Leutner (2004) has summarized ten instructional design principles for fostering 
adaptivity in open learning environments. These principles highlight various instruc- 
tional elements that can be designed for adaptivity and personalized learning. The 
principles are: 


Adapting ... 
P1: ..the amount of instruction 
P2: ..the sequence of instructional units 
P3: ..the content of information 
P4: ..the presentation format of information 
P5: ..task difficulty 
P6: ... concept definitions 
P7: ..the system response time 
P8: ..advice in exploratory learning 
P9: ..the menu structure of computer software in software training programs 
P10: ...system control versus learner control. 


Questions and Teaching Materials 
1. Based on which data features can adaptive interventions be implemented? 
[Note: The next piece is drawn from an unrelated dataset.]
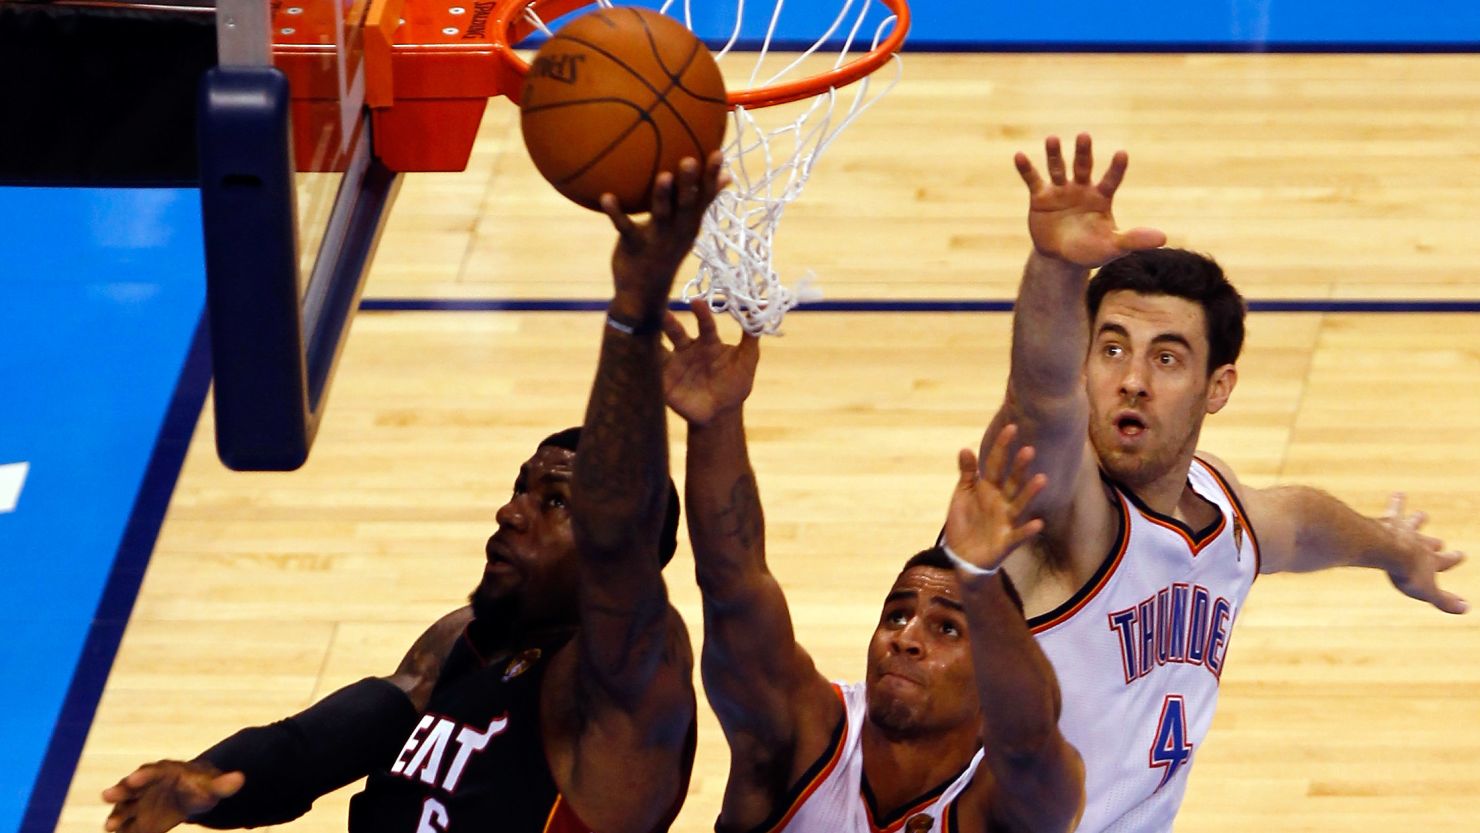 The Miami Heat's LeBron James goes up for a shot against Oklahoma City's Nick Collison and Thabo Sefolosha during Game 2 of the 2012 NBA Finals.

(a) Features such as need for financial study support help to build adaptive 
interventions 

(b) Features related to the social environment can help to build adaptive 
interventions 

(c) Features related to cognitive processing can help to build adaptive 
interventions 

(d) Features such as need for social collaboration help to build adaptive 
interventions 

(e) Plan for interventions 


Correct Answer: c. 


2. Design principles for adaptive learning environments include ... 


(a) Adapting the speed of algorithms for data processing 
(b) Adapting the presentation format of learning artefacts 
(c) Adapting the task difficulty 

(d) Adapting the sequence of instructional units 


Correct Answer: b, c, d.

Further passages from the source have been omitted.